Sunday, August 28, 2016

Class Activites This Week

SUMMARY: What we worked on in class yesterday.

Raw notes primarily for myself and a classmate. Gives just a flavor of what we've been working on since June.

  1. Loose leash walking in a circle, both directions, dogs on both sides for each direction.
    Keep dog's attention on you--if attention wanders, your rate of reward is too low.  If dog moves away from you, turn 180 from direction he's going and walk.  Remember to release and play pretty often.
  2. Always always maintain criteria for exiting the crate. 
    (I've been 99.5% consistent with Zorro.  Lately he seems to have decided that sitting to wait for exit isn't as good as lying down to exit. I think he's just experimenting. We'll get through this.)  (Oh, realized that he doesn't send to his crate very well from more than a couple of feet away--confused because we haven't worked on it. I'll work on it. Maybe.)
  3. Periodically stop and ask for a sit or a down. Work on getting fast responses.
    (Zorro is pretty good on the down almost all the time, but for some reason is confused about sitting and turns it into a down.)  Keep working on gradually introducing distractions (food descending in your hand slowly, etc.).  (Oops. I haven't been.) This week Penni walked closer and closer to the dogs, giving us warning so that we could up the rate of reward.  (Zorro did pretty darned good at paying attention to me after a quick glance away.)
  4. SIDE NOTE: Watch for your dog's brain frying.
    If looks like he's had too much, work loose-leash walking back to the crate for him to get a little rest. (Zorro survived until just about the end of class.  My brain, however...) Per Moe, young dogs are still forming pathways and being shaped by all of their experiences. SHORT training sessions. Can easily do 3 or 5 or 7 sessions through the day of 2-5 minutes depending on your dog.
  5. Step-behinds.  Dog in sit. Stand next to him.

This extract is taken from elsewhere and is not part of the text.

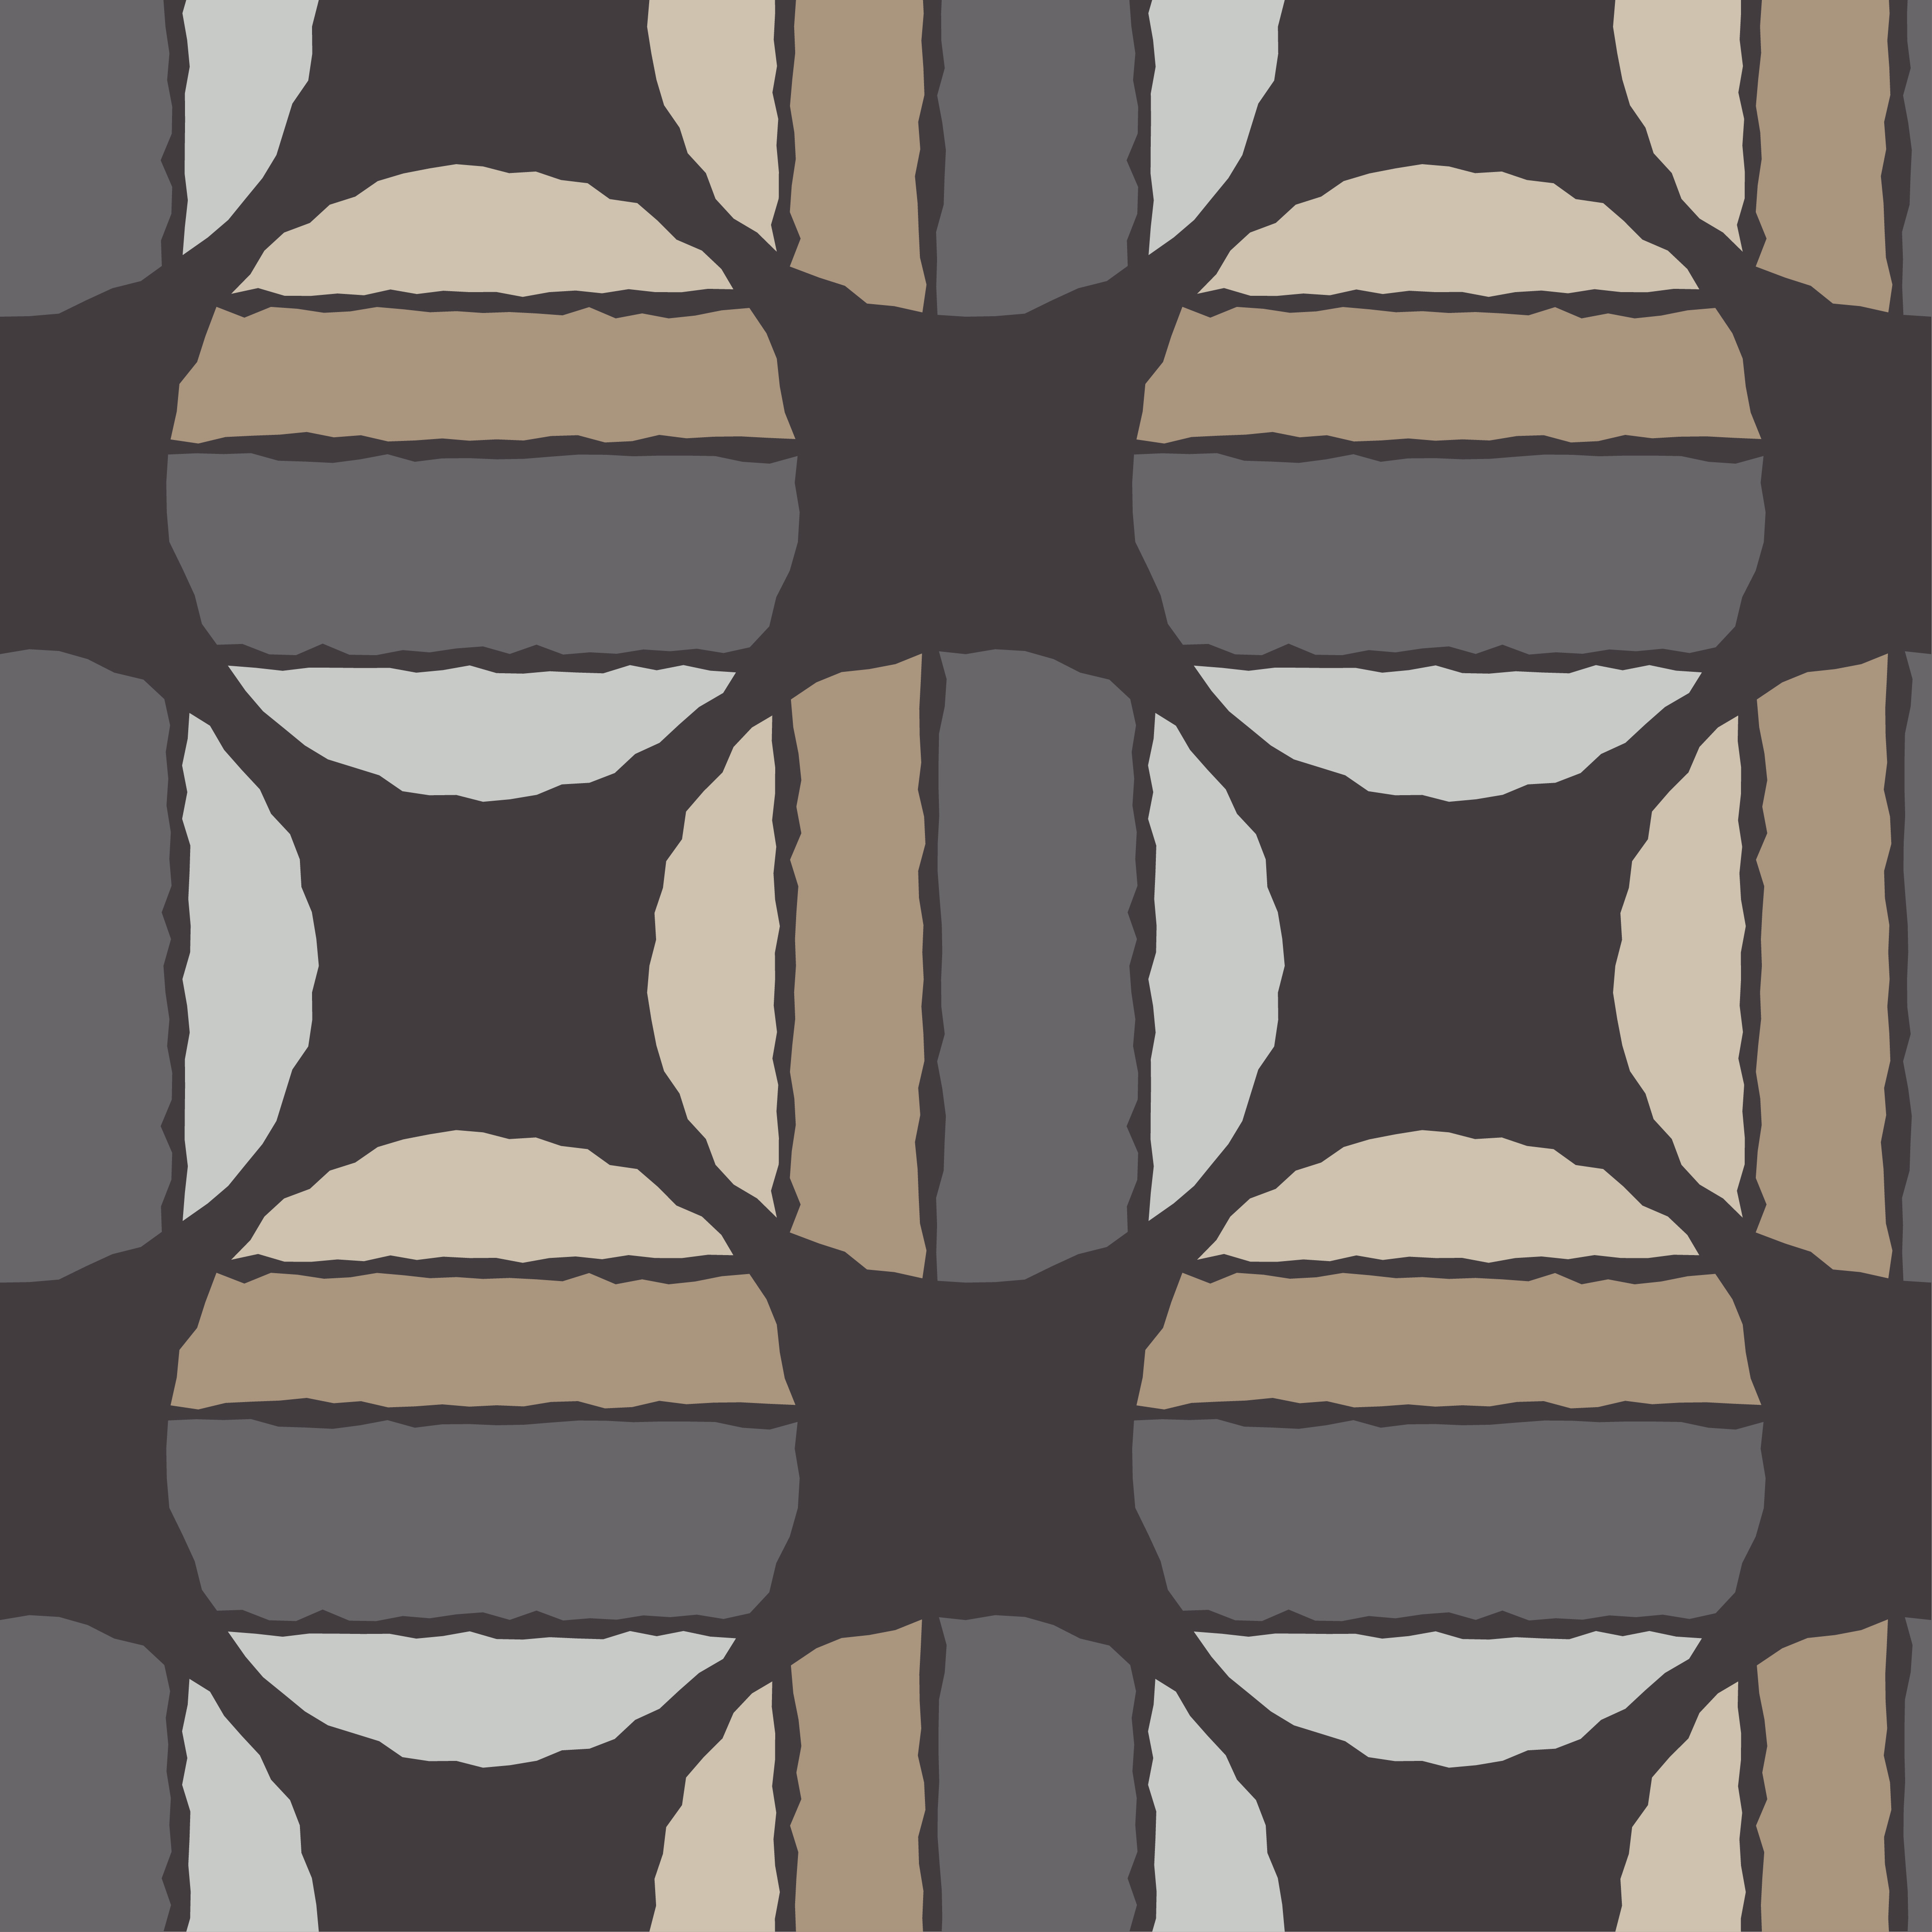 Polka dot seamless pattern. Sketch texture.  example image 2

Feed treats in front of him. Step back beside his thigh. Keep feeding in front of him. Step quickly across to his other side, keep feeding in front of him, but not if feet move or stands up. Fine if dog's head swings to follow you, but you want dog to always be focusing forward (and it's easier for them to keep their balance).
  6. Line-ups--dog standing, sitting parallel to you, not at an angle or in front or off to the side.
    Moe just demonstrated this, didn't assign or have us do. Goal is to have dog move rear end back towards you.  Hand in collar, keep head in position close to you just as a pivot point, step across (into) muzzle so has to turn head, which should swing butt. Keep stepping across until he moves butt and then reward.
  7. Restrained recalls, 2 each acceleration, deceleration, shoulder turn, front cross into dog, one of each on each side.
    Agility is about fun and fast. You don't want dog walking or trotting to you, but running full out. So quickly get to position and quickly release the dog. If dog won't let you go very far, work on those durations for sit and meanwhile release ASAP just before they're ready to break on their own.  When you throw toy on accels, don't just watch, run to meet dog.  (Zorro is now at least chasing a "lotus" toy with cheese in it. Still won't play with it or anything, but that's progress, and he didn't take off on his own to go exploring.)
  8. Contact trainer board; wobble board or bang game.
    Trainer board: Try to get dog to hop on right up at the end, not in the middle and step/walk to the end.  The instant that all 4 feet are on the board, feet quickly on the end of the board, before the dog has a chance to look up at you; want him focusing on the end of the board.  Ditto bang game.  (Zorro was doing fine then started skewing his back feet away from me off the board. Waited for him to fix it, which he eventually started doing again.)
  9. HOMEWORK: Work on strong touch to target held in your hand.
No class next week. It's USDAA Western Regionals Championship Weekend hosted by The Bay Team, as it is every year.  I have signed up to work just one day.  

2 comments:

  1. Interesting to read and visualize and then compare to the way we (Katie and I) went through puppy training, then obedience training. Some of it was similar. :)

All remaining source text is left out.